Output, word for word, each line from the one with "Une race locale" through the end of the listing below, excluding every picture.

§ Data section
☆ ☆ ☆
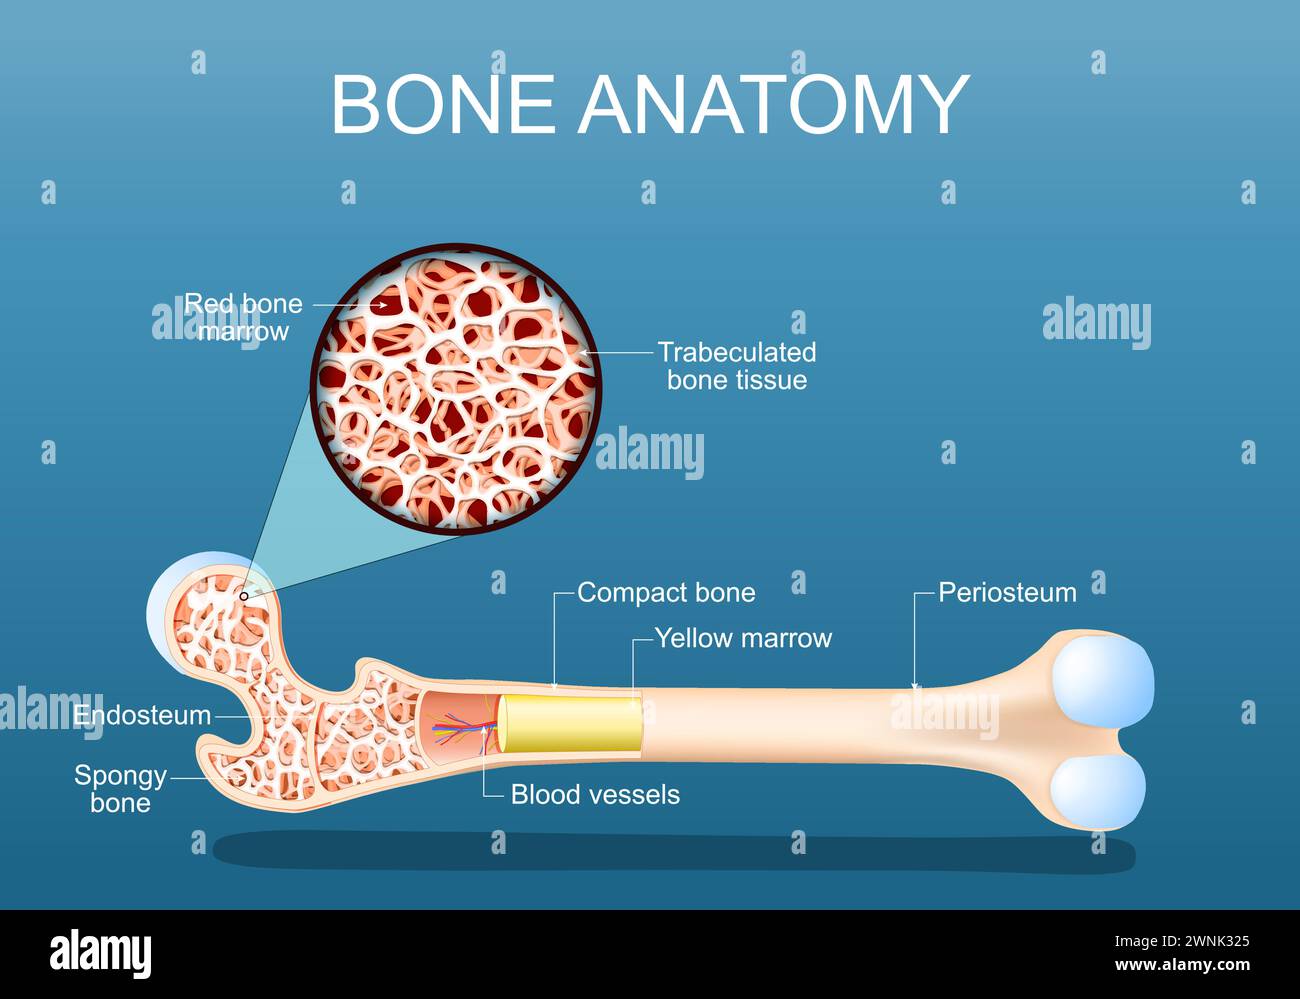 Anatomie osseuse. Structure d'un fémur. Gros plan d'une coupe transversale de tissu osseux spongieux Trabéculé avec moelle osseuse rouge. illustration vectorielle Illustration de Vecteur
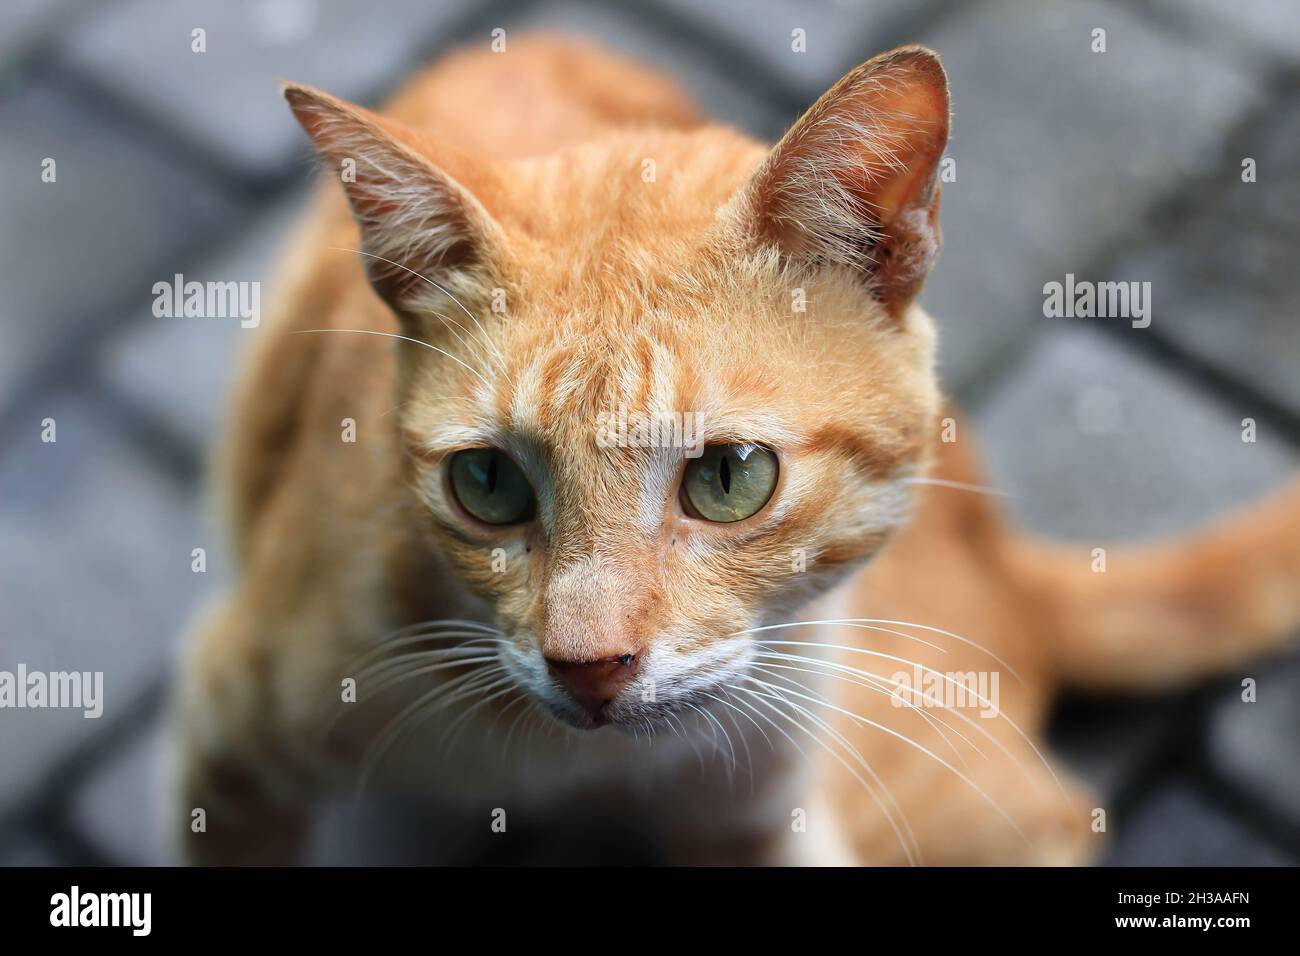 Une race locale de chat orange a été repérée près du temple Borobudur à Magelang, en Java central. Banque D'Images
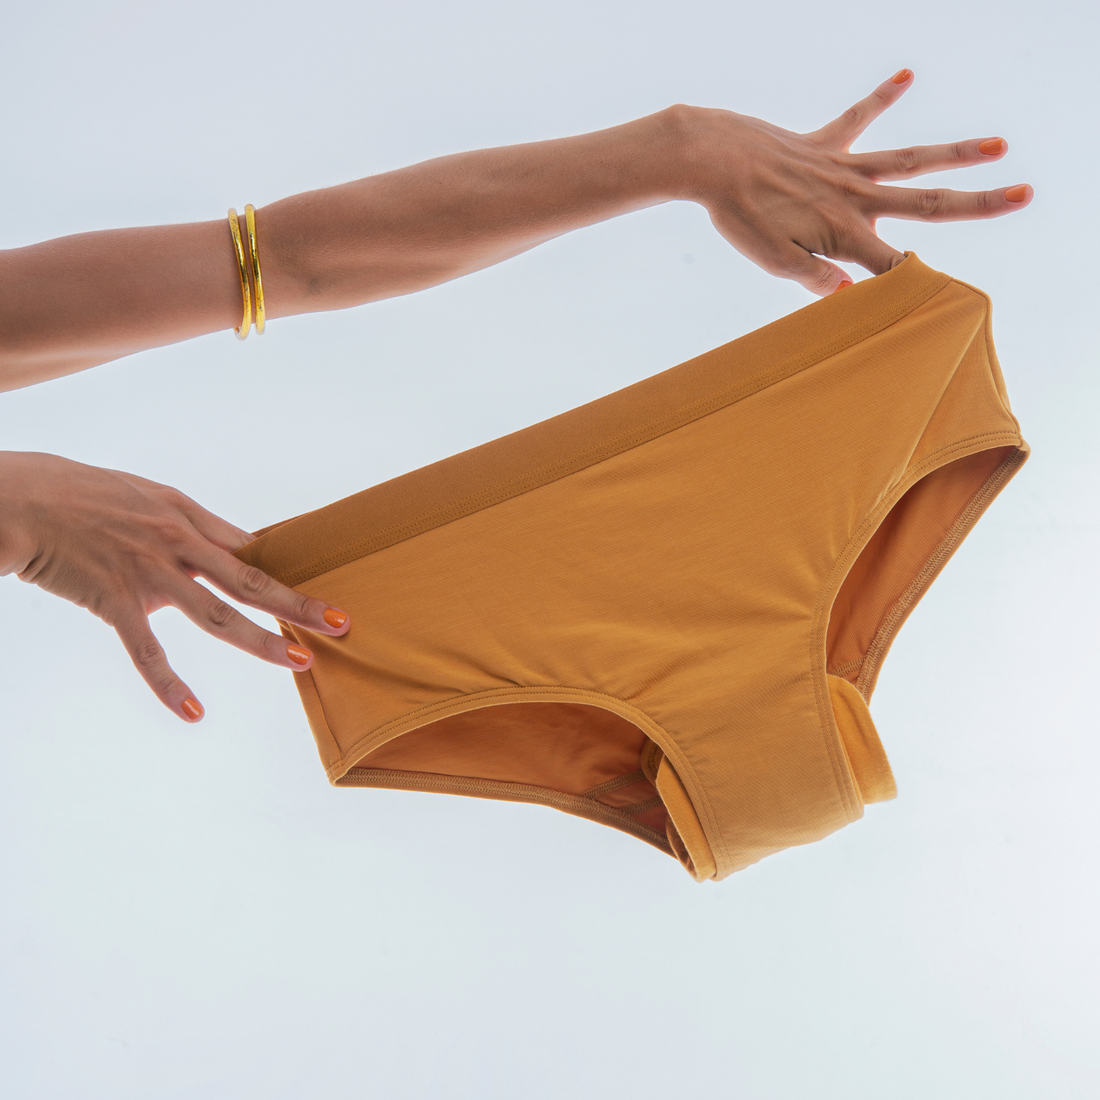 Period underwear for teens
☆ ☆ ☆
§ Output
 Une race locale de chat orange a été repérée près du temple Borobudur à Magelang, en Java central. Banque D'Images
 Period underwear for teens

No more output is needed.